Trwająca wojna z Rosją miała bardzo ponury wpływ na przemysł turystyczny Ukrainy, co skłoniło niektórych kreatywnych przewodników do rozważenia alternatywnych źródeł dochodu. Jednym z nich jest oferowanie wycieczek po niedawnych polach bitewnych i miejscach bombardowań ciekawskim turystom z Zachodu, często za wysokie ceny.
To nowy poziom podróży przygodowych, który pokazuje, że Ukraina jest odporna, także w dziedzinie podróży i turystyki.
Jeden z touroperatorów oferuje wycieczki, aby zobaczyć „zniszczony sprzęt wojskowy” i „skutki uderzeń rakietowych” w pobliżu Kijowa za 150 euro (158 dolarów). Za 250 euro (262 dolary) firma organizuje wycieczki do miast Irpin i Bucza, gdzie odwiedzający mogą zobaczyć „cmentarzysko zniszczonych samochodów” i wysłuchać świadectw dotyczących rosyjskich zbrodni wojennych.
Ponadto, za dodatkową opłatą WarTours umożliwia zwiedzanie Charkowa, miasta, w którym niedawny rosyjski atak rakietowy został przeprowadzony.
Każda wycieczka oferuje spotkania ze „świadkami rosyjskich zbrodni” oraz „certyfikowanym przewodnikiem [który] udzieli wszelkich niezbędnych informacji dotyczących wojny”.
Według organizatorów wycieczek, przedsiębiorstwa te „nie są nastawione na pieniądze, ale na materializację wojny”, a ich celem jest „zapobiegnięcie ponownemu zaistnieniu takiej sytuacji”. Wiele firm turystycznych przekazuje część zysków z turystyki wojennej na rzecz ukraińskiego wojska.

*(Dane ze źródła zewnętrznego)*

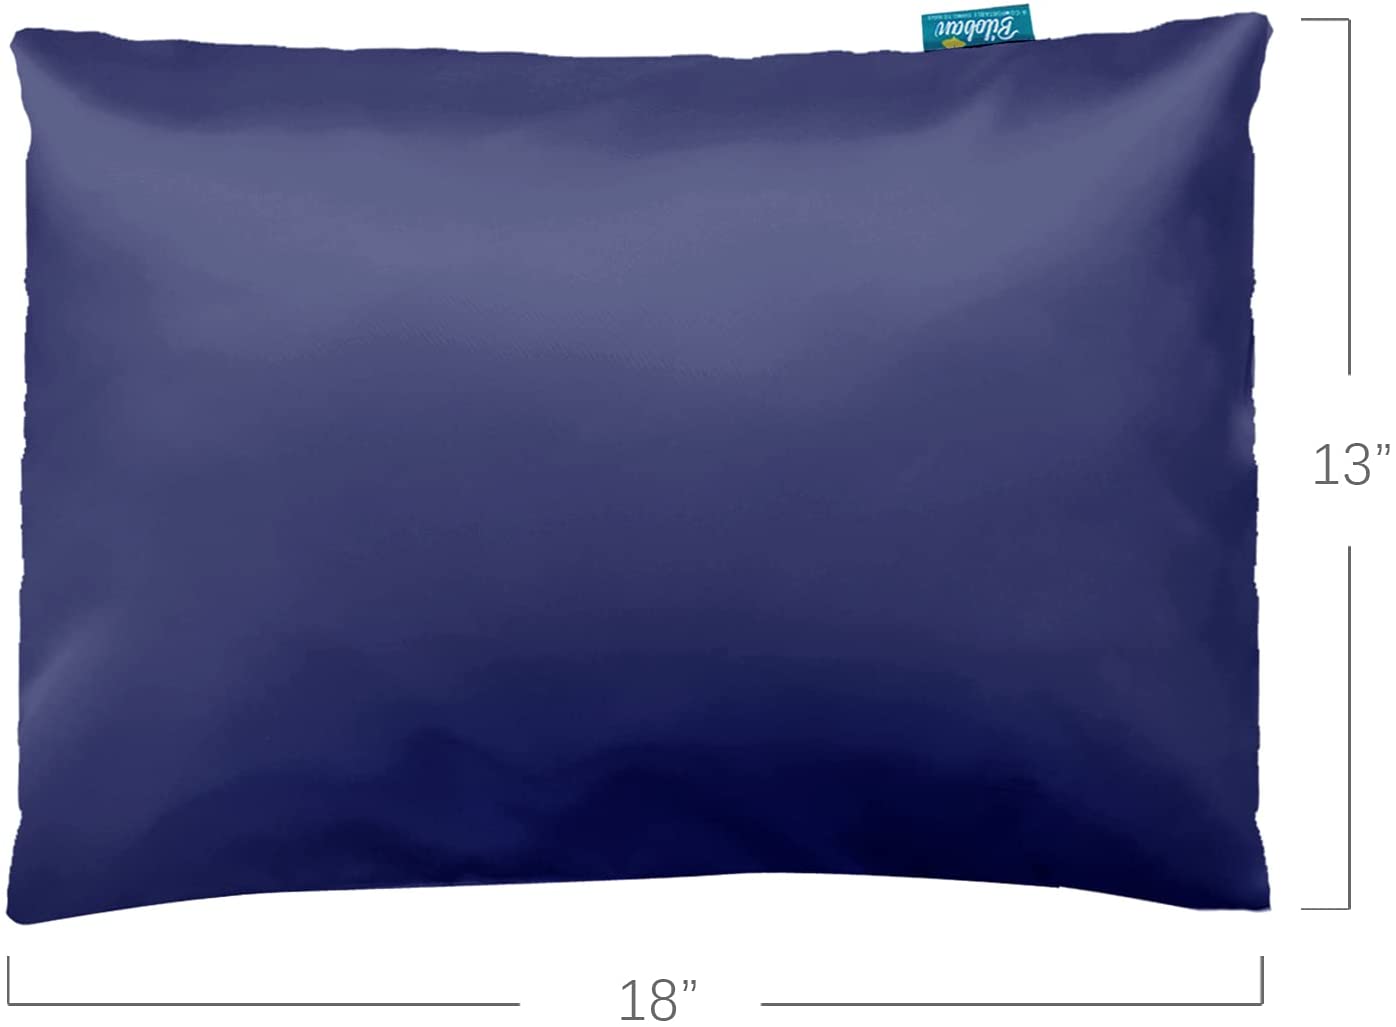 Toddler Pillowcase- 2 pack, Silky Soft Satin, Envelope Style, Navy

Władze Ukrainy dostrzegają wartość transportu grup ludzi z Zachodu do miejsc związanych ze zbrodniami wojennymi popełnionymi przez Rosjan. Narodowa Agencja Rozwoju Turystyki oferuje specjalistyczne szkolenia dla przewodników i organizuje „wycieczki pamiątkowe” w Kijowie i jego okolicach.
Niektórzy touroperatorzy pobierają rozsądne opłaty za swoje usługi i powstrzymują się od organizowania wycieczek na linię frontu; jednak niektóre firmy podchodzą do tego mniej ostrożnie. Jedna firma oferuje tygodniową „wycieczkę wojenną” w cenie 3,600 euro (3,777 dolarów), podczas gdy inne organizują wielodniowe wycieczki do regionu objętego ukraińską kontrofensywą w 2023 r. za 3,300 euro (3,462 dolarów).
Od czasu niespodziewanej inwazji wojsk ukraińskich na obwód kurski w Rosji w sierpniu tego roku, inna firma, która wcześniej organizowała wycieczki do elektrowni jądrowej w Czarnobylu (EJ), ogłosiła, że teraz przyjmuje rezerwacje na wizyty w znajdującej się tam elektrowni jądrowej w Kursku.
Mimo że elektrownia jądrowa Kursk pozostaje pod kontrolą Rosji, firma twierdzi, że zaczęła otrzymywać prośby od turystów ze Stanów Zjednoczonych i Wielkiej Brytanii o odwiedzenie obiektu.